Back in 2001 I was working on an app used in planning optimal routes for city garbage trucks. We quickly found out that this was equivalent to the Traveling Salesman Problem and the initial brute force solution was not fast enough to get results in useful time.

A colleague stumbled upon a paper on Ant Colony Systems and gave it to me to try to implement it and to check if the results were as good as the paper promised.

It was amazing how the solutions were so close to optimal ( we checked the results from the ACS algorithm against the brute-force solutions that took hours to compute ) and how fast the algorithm stabilized on the solutions.

It was also the first time I had used an algorithm that does not really stop, it just converges to a solution and another heuristic decides when to accept a final result.

I learned a lot from it.


Garbage trucks have to visit every edge (street segment) once, not every vertex (intersection) once, correct? Can you use Eulerian Paths?

http://en.m.wikipedia.org/wiki/Eulerian_path

Or is the process to make a non-Eulerian graph Eulerian NP?


Once you have a mixed graph (One-way streets and two-way streets), the problem is known as the Mixed Chinese Postman Problem and is NP.


The Clojure language was introduced with an ant Colony demo by Rich Hickey. He was using it to demonstrate concurrency primitives in Clojure.

You can see screenshots and read code here: http://juliangamble.com/blog/2011/12/28/clojure-gui-demo-of-...


The inventor of the algorithm actually has a really good website with a good overview and history:

http://www.aco-metaheuristic.org/


That's why you may want to get a CS degree... if you are interested in things like this... well, this is just the tip of the iceberg.


For those interested in algorithms and optimizations of paths, check out www.pathery.com/home for an NP complete longest path most vital node puzzle.


Yep, so?


While I think you're getting downvoted due to the brevity (and perhaps attitude) of your comment, in large part I agree with the sentiment.
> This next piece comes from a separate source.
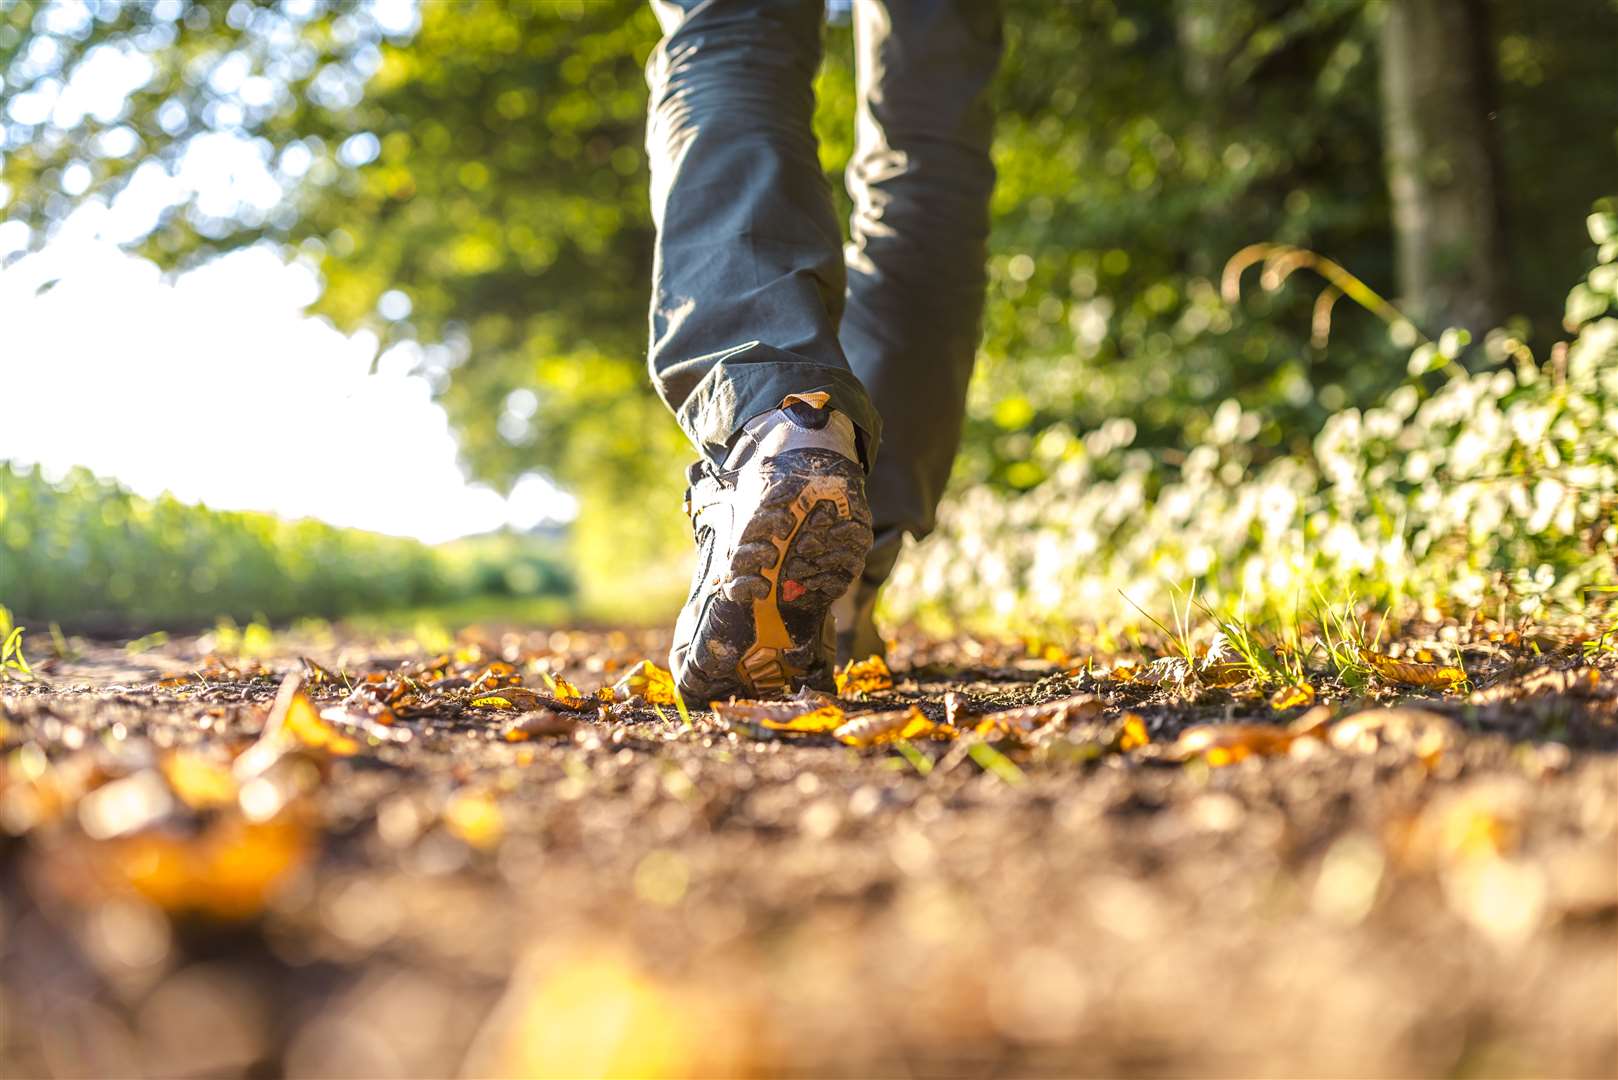 Walking in the country is ideal for both mental and physical health.

I've been HN-ing for a year and change, now. The posts that just link to a wikipedia article about a topic that > 90% of the HN crowd is probably familiar with do get a little tiresome.

Check out ( https://hn.algolia.com/?q=wikipedia#!/story/sort_by_date/0/w... ) to see recent wikipedia submissions. Just recently someone linked to the wikipedia article for "Code Golf". At didn't get any upvotes, which is great, but I just don't understand the mindset behind submitting it. I guess easy karma? I don't know.

I'd much rather see content like "Here is my solution to problem X using ant colony optimization". This is the first time I've made a comment like this, because usually I just flag and move on. I guess I just needed to vent a little.


I think a thing that has happened is that the community is actually full of people who have not learned all the fun computer science stuff that people like you and me take for granted, and that's why they're voting it up.

On the one hand, it's frustrating because, damn it, if you don't already know how to play with these concepts then why on earth are you calling yourself a "hacker", but then on the other hand http://xkcd.com/1053/


I definitely agree with you. It's guess it's just difficult with the HN community growing every day, both in population and the diversity of backgrounds.

I think I'll write a little plugin that will hide all wikipedia links and I'll be happy. Maybe something like "hide all wikipedia links unless #comments > N" would work nicely.


The posts that just link to a wikipedia article about a topic that > 90% of the HN crowd is probably familiar with do get a little tiresome.

I bet this is not the case in this case. I can understand the attitude against plain Wikipedia links but at least I learned a new idea because of this link.


Because articles like this (and maybe even code golf) might spark an interesting discussion.


I'd much rather have these articles than yet another 300+ comment thread about the latest tempest in a teacup linkbait drama.